Currently, there are several studies in the literature that focus on optimising the network model to improve the immunity of the model to noise. For example, Cui et al [59] proposed a two-stage hybrid learning model to search the initial parameter values of the GSA in a data-driven manner with the PSO algorithm to improve the efficiency of the global optimum search. Yin et al [60] introduced a modified GSA with crossover (CROGSA), where the crossover-based search scheme utilises the promising knowledge extracted from the currently obtained global optimum positions to improve the exploitation capabilities. We have been working on collecting more COVID-19 related data for inclusion in the learning and training of the GSA-ELM model to improve the generalisation capability of the model for deployment in real applications.

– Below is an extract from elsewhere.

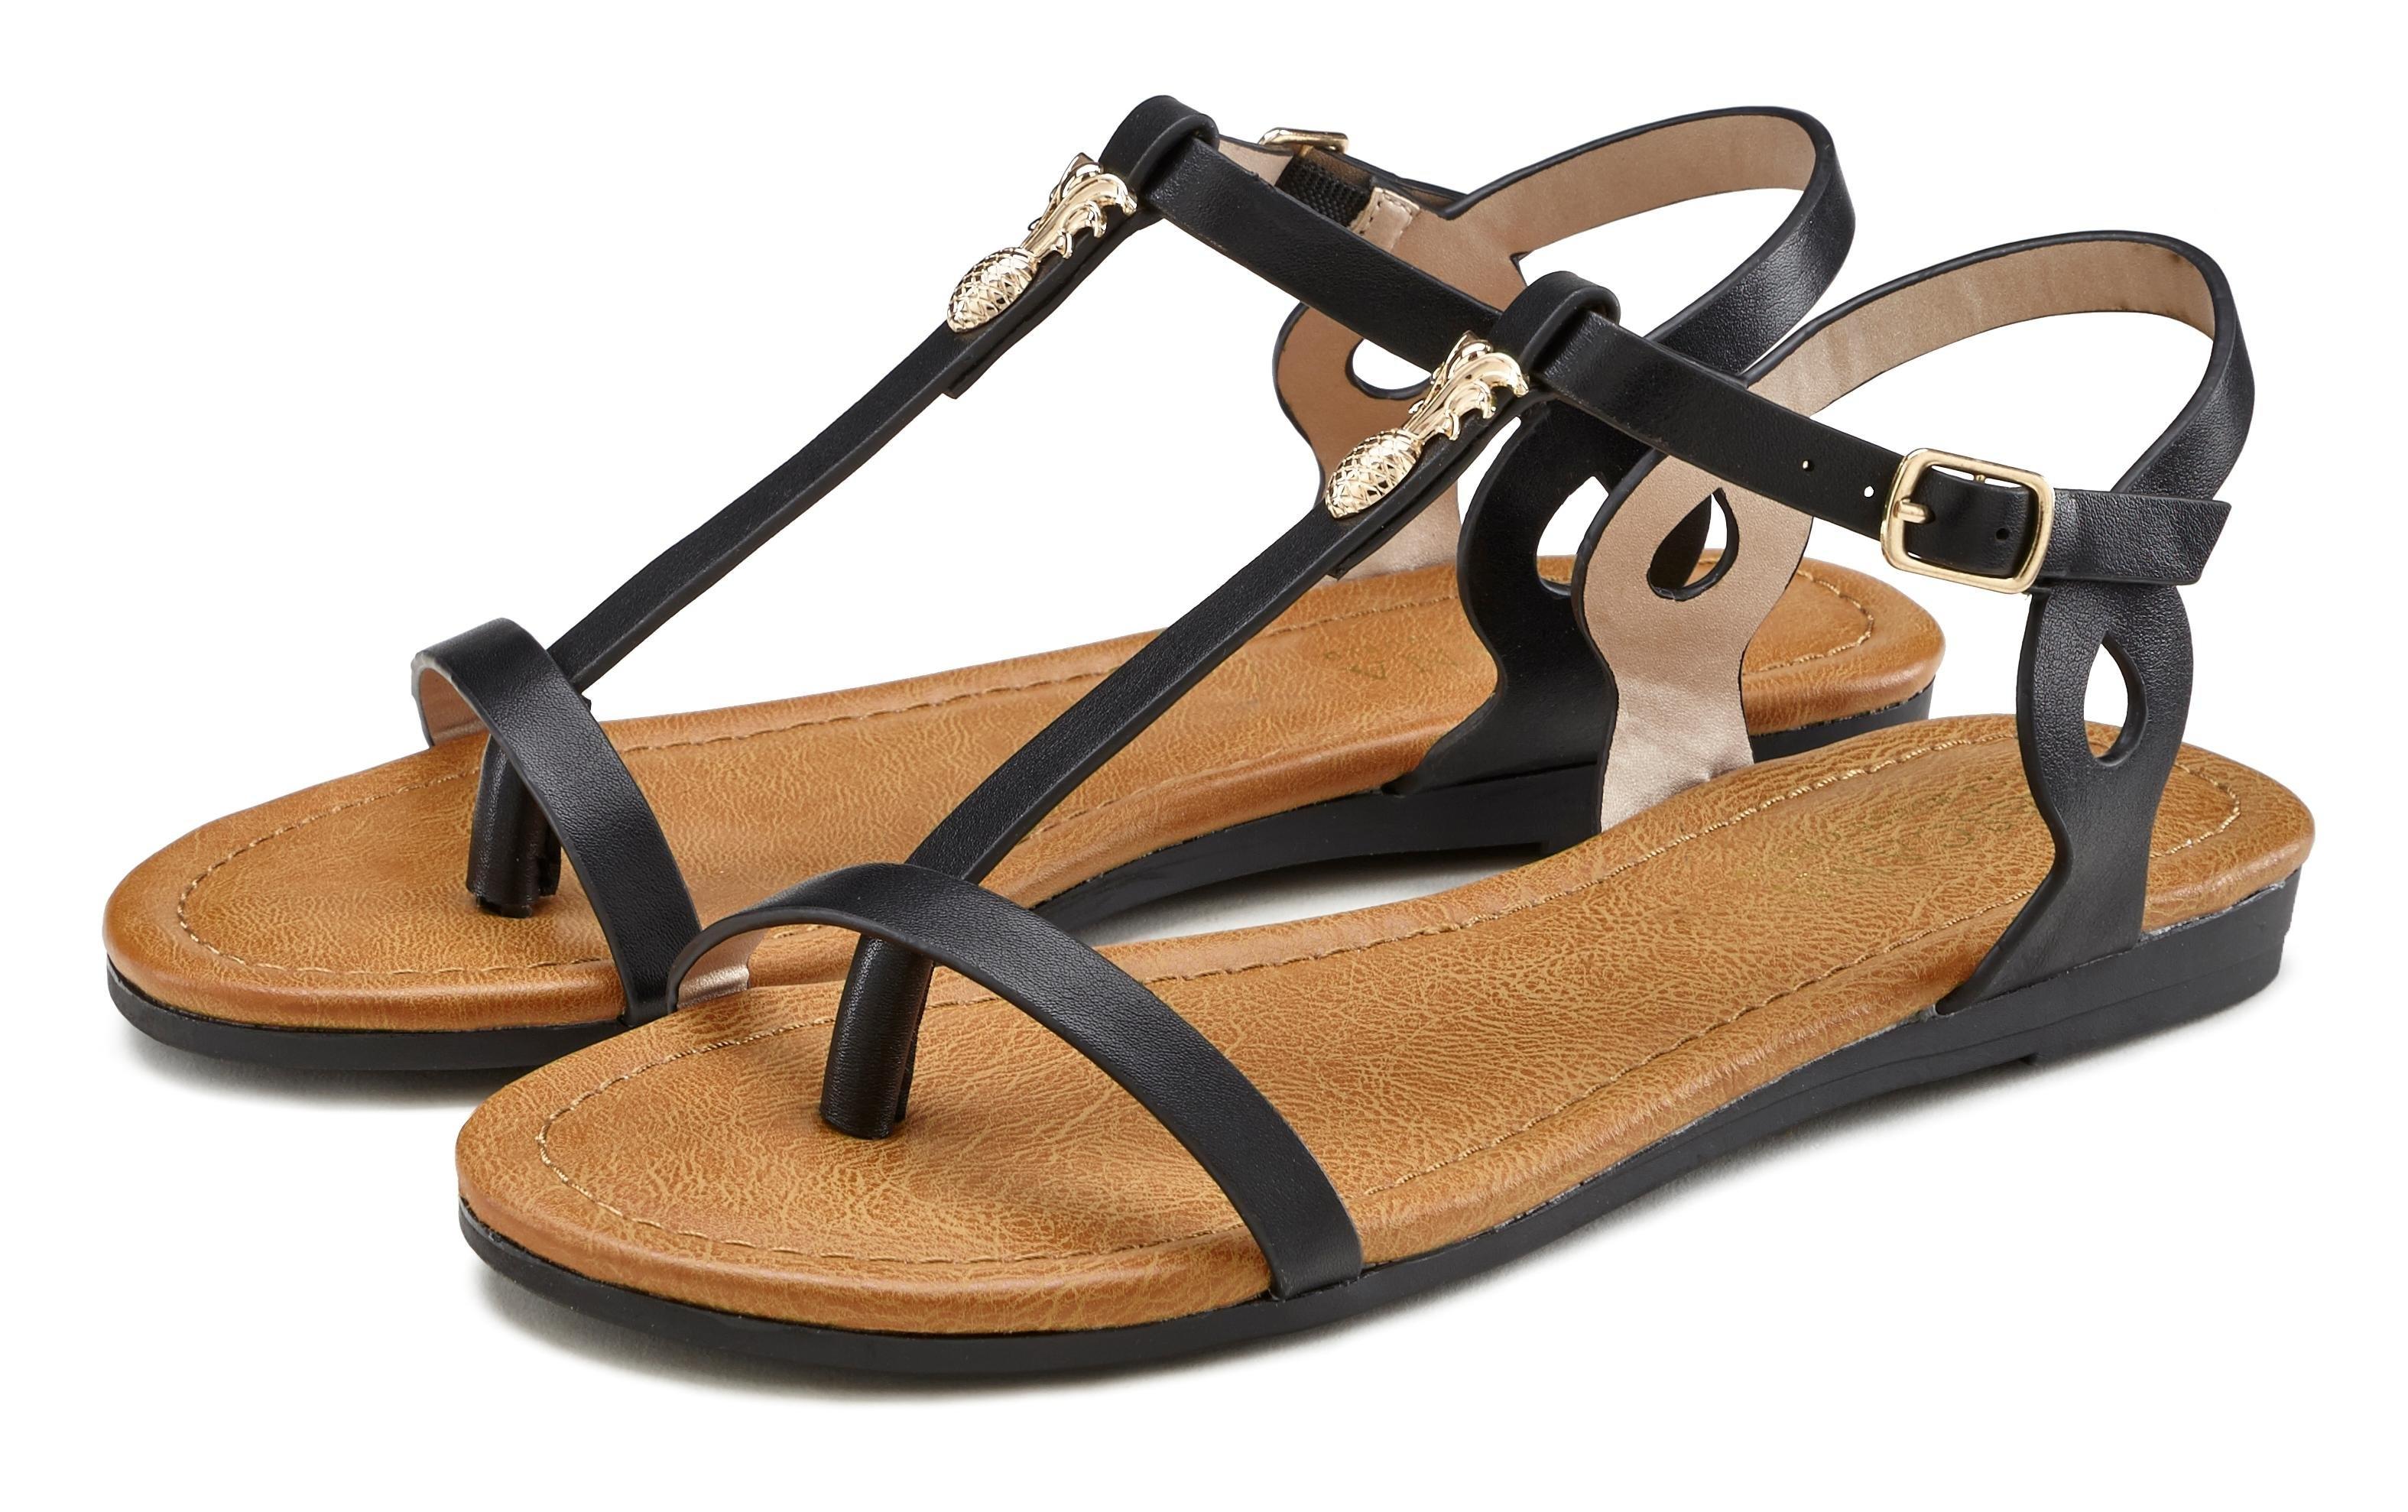 LASCANA sandalen - gratis ruilen op lascana.nl

This will greatly assist the work of the outbreak prevention and control authorities and facilitate the implementation of targeted outbreak prevention and control policies.

6 CONCLUSION

In this paper, we propose a hybrid learning model GSA-ELM for COVID-19 global active cases forecasting. To predict the complex and multifactorial COVID-19 active cases, we use a gravitational search algorithm to search the global optimal parameters of the extreme learning machine. The experimental results demonstrate the reliability of the model in predicting real-life active cases compared to other state-of-the-art methods, and its excellent generalisation ability is of good application. In addition, our model can be deployed and applied online, the model uses a data-driven approach for training and the prediction of the number of active cases can be performed in parallel. In the future, the model will be able to assist the government and related organisations to make appropriate epidemic prevention plans as early as possible to control the spread of the epidemic among the population and protect people's lives.

AUTHOR CONTRIBUTION

Boyu Huang: Methodology; Software. Youyi Song: Formal analysis. Zhihan Cui: Validation. Haowen Dou: Data curation. Dazhi Jiang: Writing – review & editing. Teng Zhou: Funding acquisition; Project administration. Jing Qin: Supervision.

ACKNOWLEDGEMENT

This work was supported by the National Natural Science Foundation of China (No. 61902232), the 2022 Guangdong Basic and Applied Basic Research Foundation (No. 2022A1515011590), the Project of Strategic Importance of The Hong Kong Polytechnic University (No. 1-ZE2Q), and the 2020 Li Ka Shing Foundation Cross-Disciplinary Research Grant (No. 2020LKSFG05D). All authors of this paper would like to thank Mrs. Zhizhe Lin, Ph.D. candidate at Hainan University, for her help with this paper.

    CONFLICT OF INTEREST STATEMENT

    The authors declare that they have no conflict of interest.

    DATA AVAILABILITY STATEMENT

    The dataset and source code generated during and/or analysed during the current study are available from the corresponding author upon reasonable request.